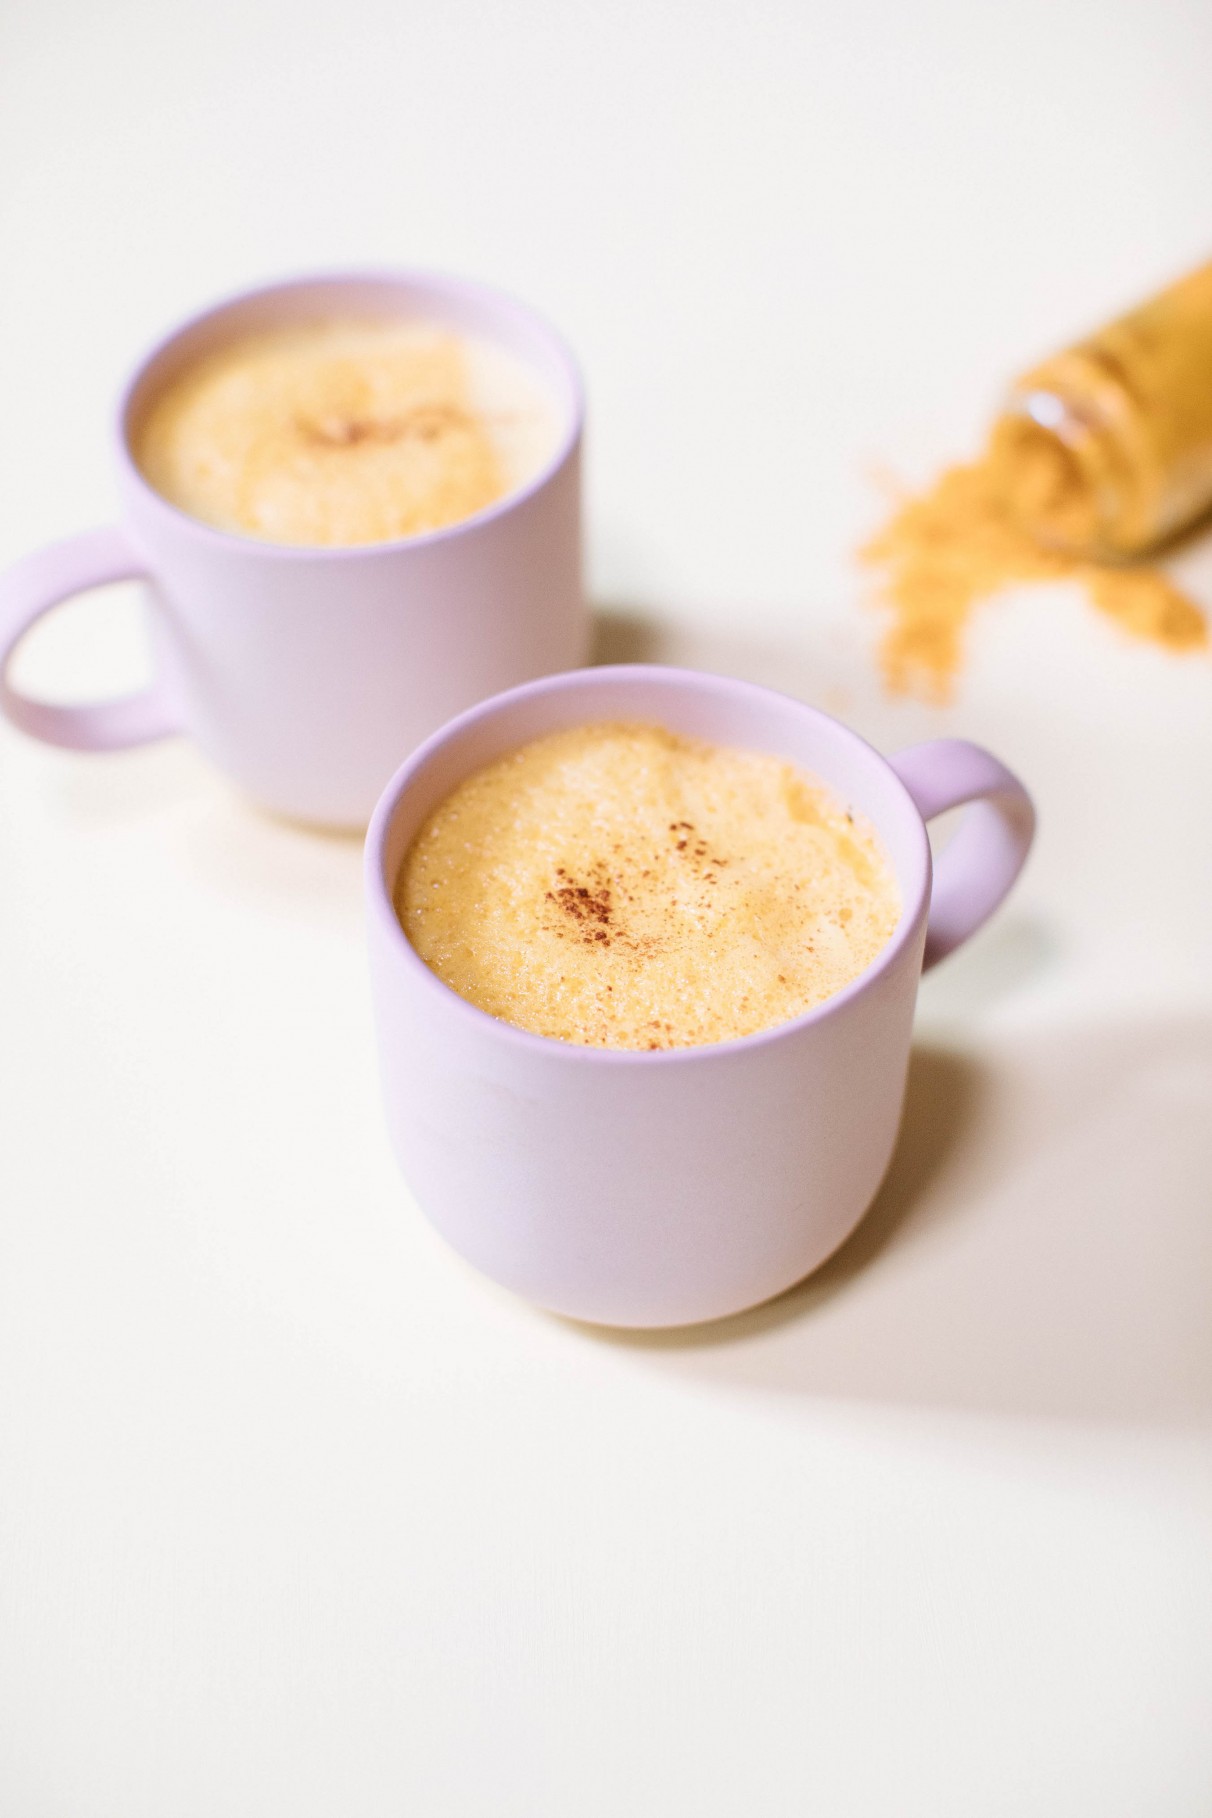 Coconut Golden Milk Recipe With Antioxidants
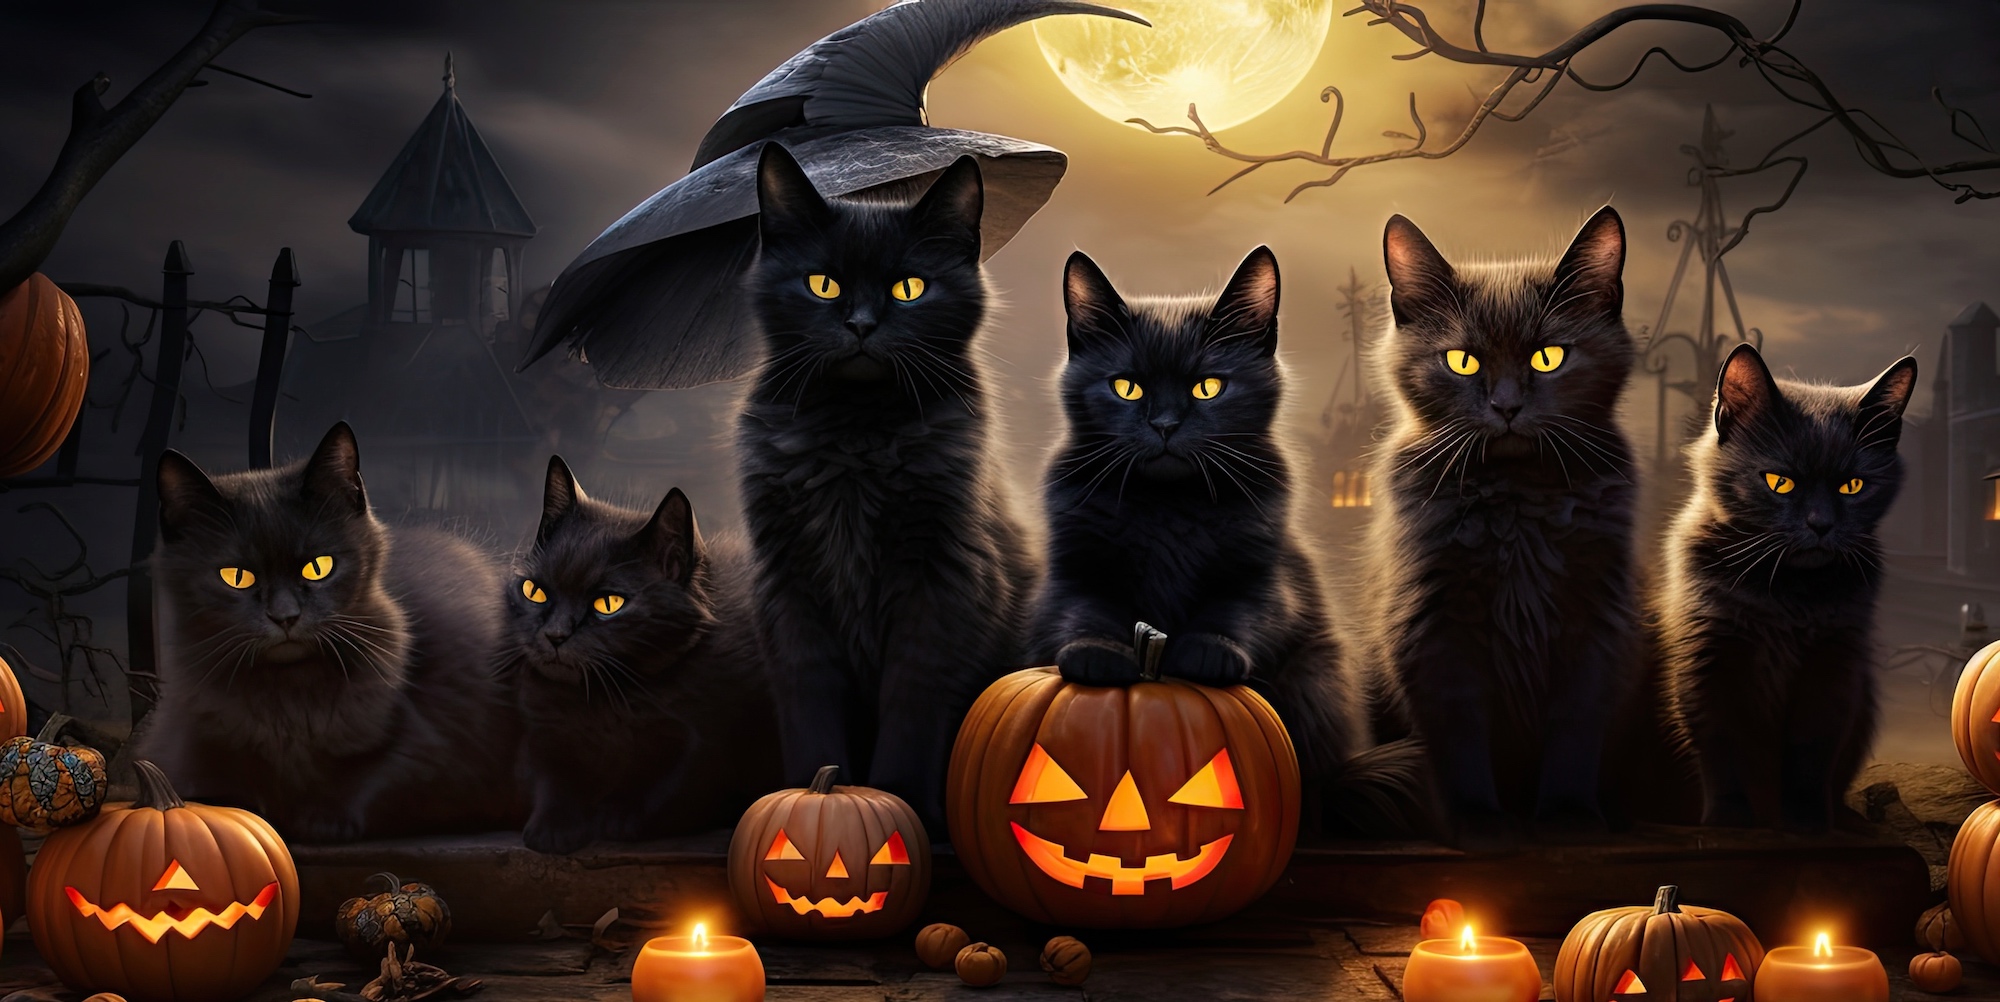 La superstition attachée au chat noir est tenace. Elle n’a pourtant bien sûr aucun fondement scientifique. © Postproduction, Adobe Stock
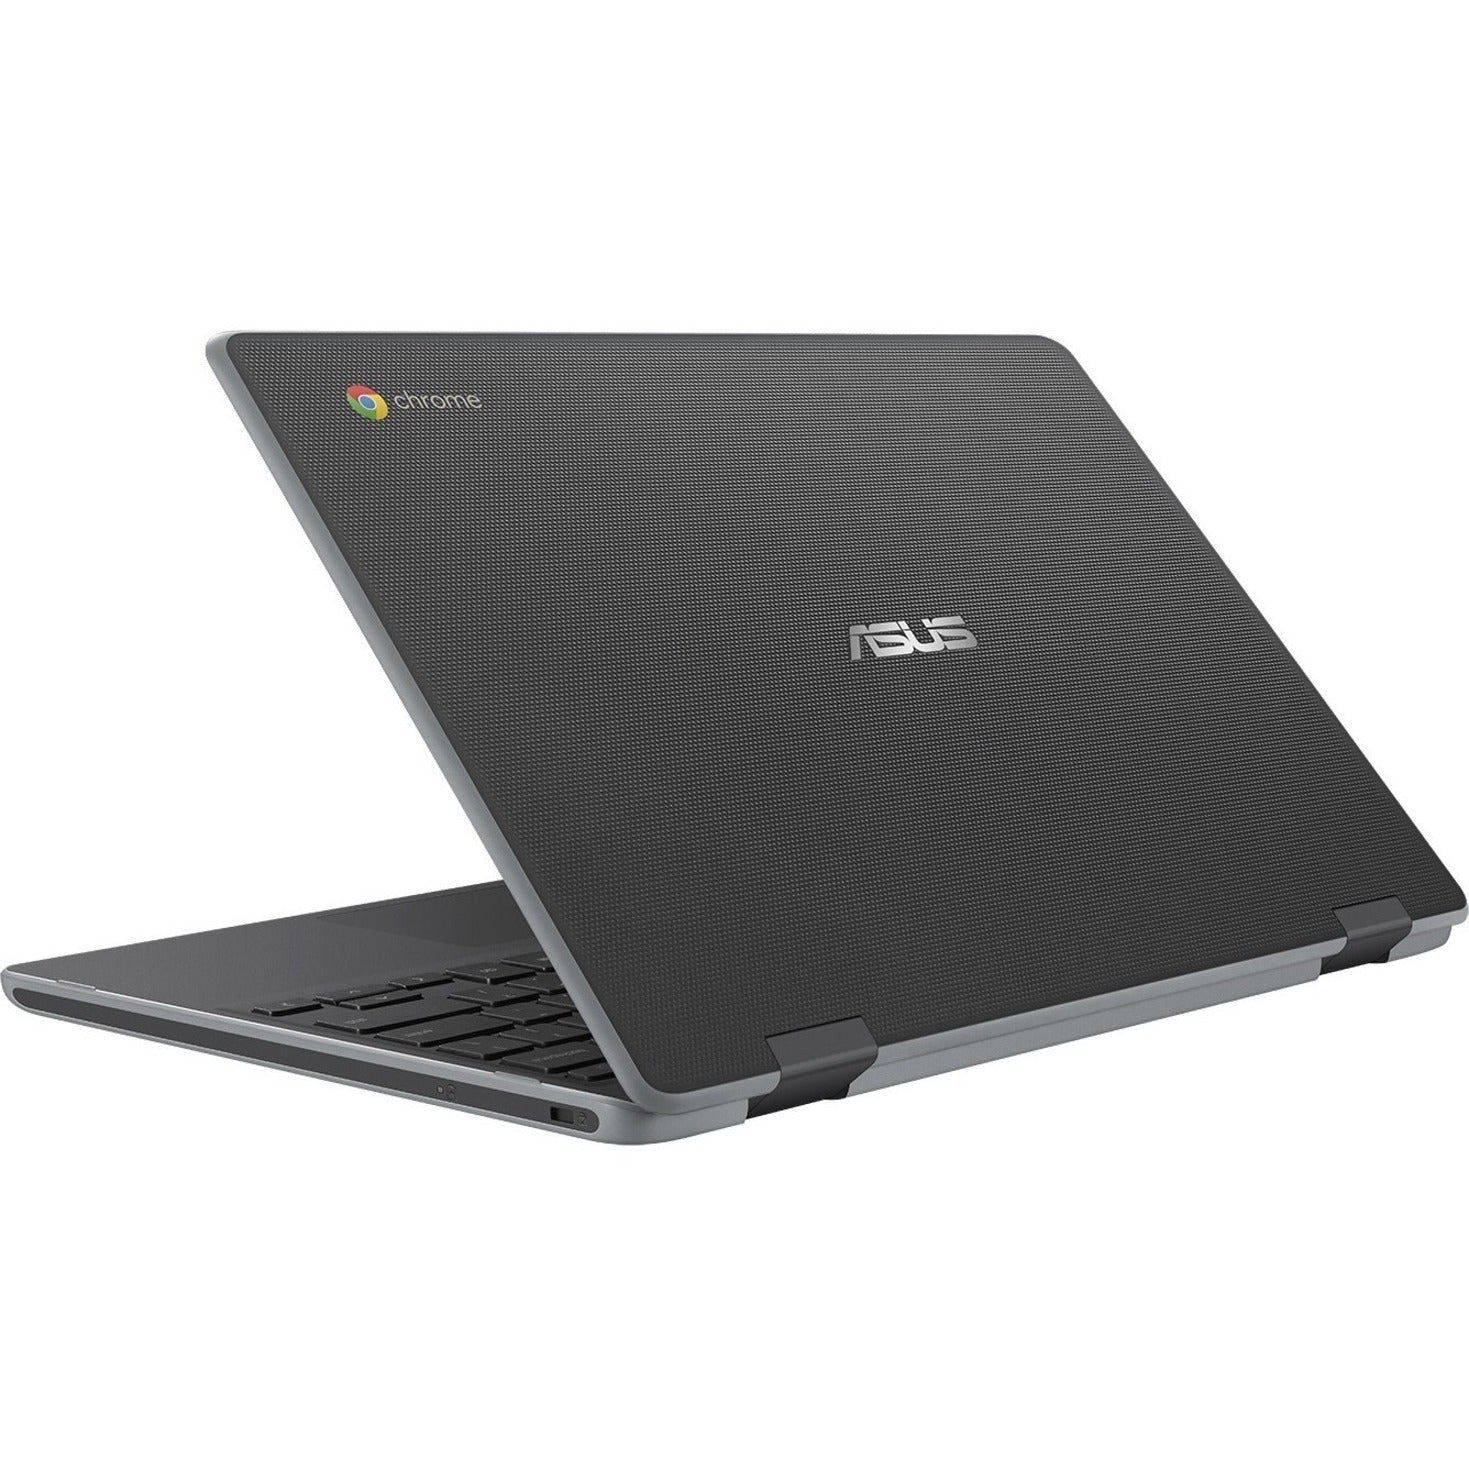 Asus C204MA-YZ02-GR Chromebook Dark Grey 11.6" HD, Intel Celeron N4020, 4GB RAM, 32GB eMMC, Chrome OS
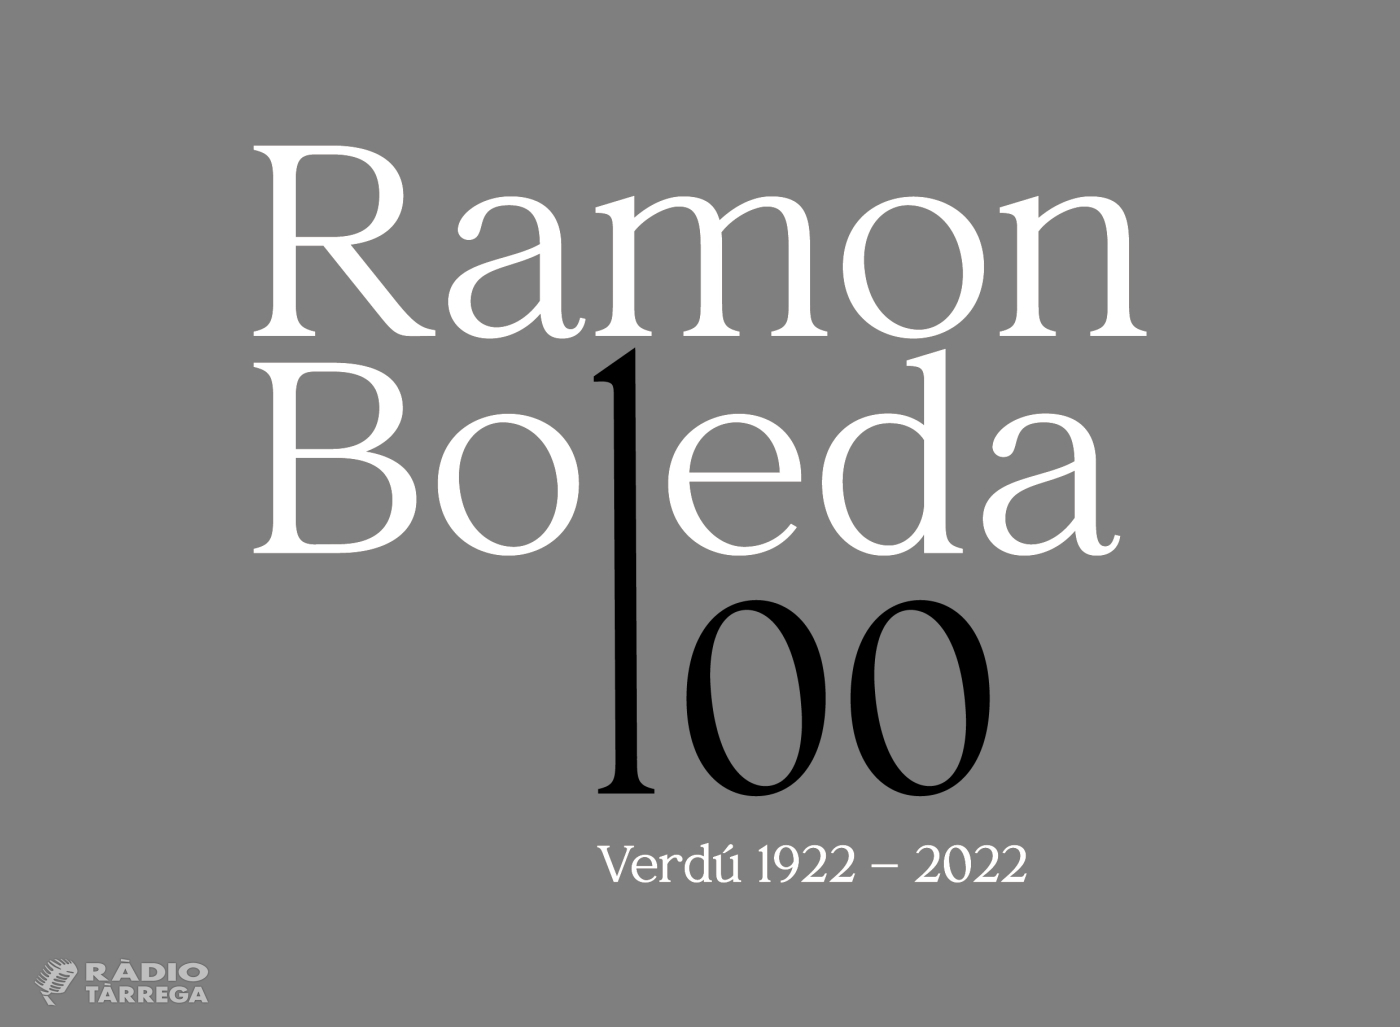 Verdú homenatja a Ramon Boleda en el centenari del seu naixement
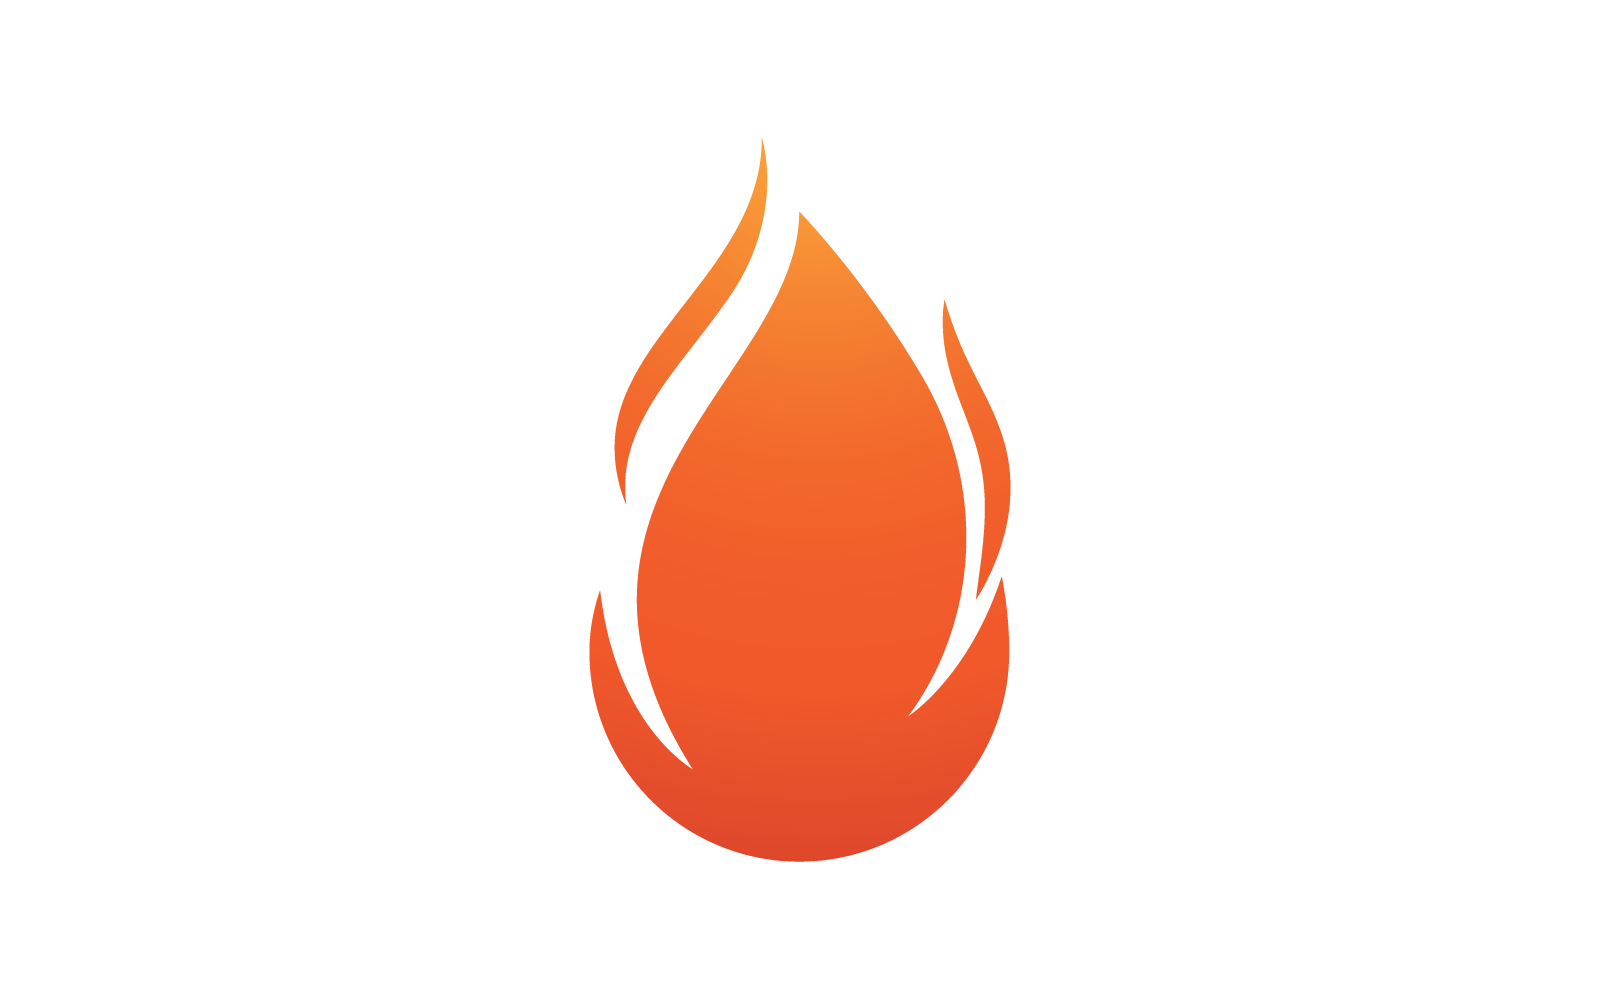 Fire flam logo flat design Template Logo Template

[To do]
With pictures omitted, reproduce exactly the lines from the line containing "Verdú homenatja a" through the end of the data above.

[Reply]
 Verdú homenatja a Ramon Boleda en el centenari del seu naixement
 Fire flam logo flat design Template Logo Template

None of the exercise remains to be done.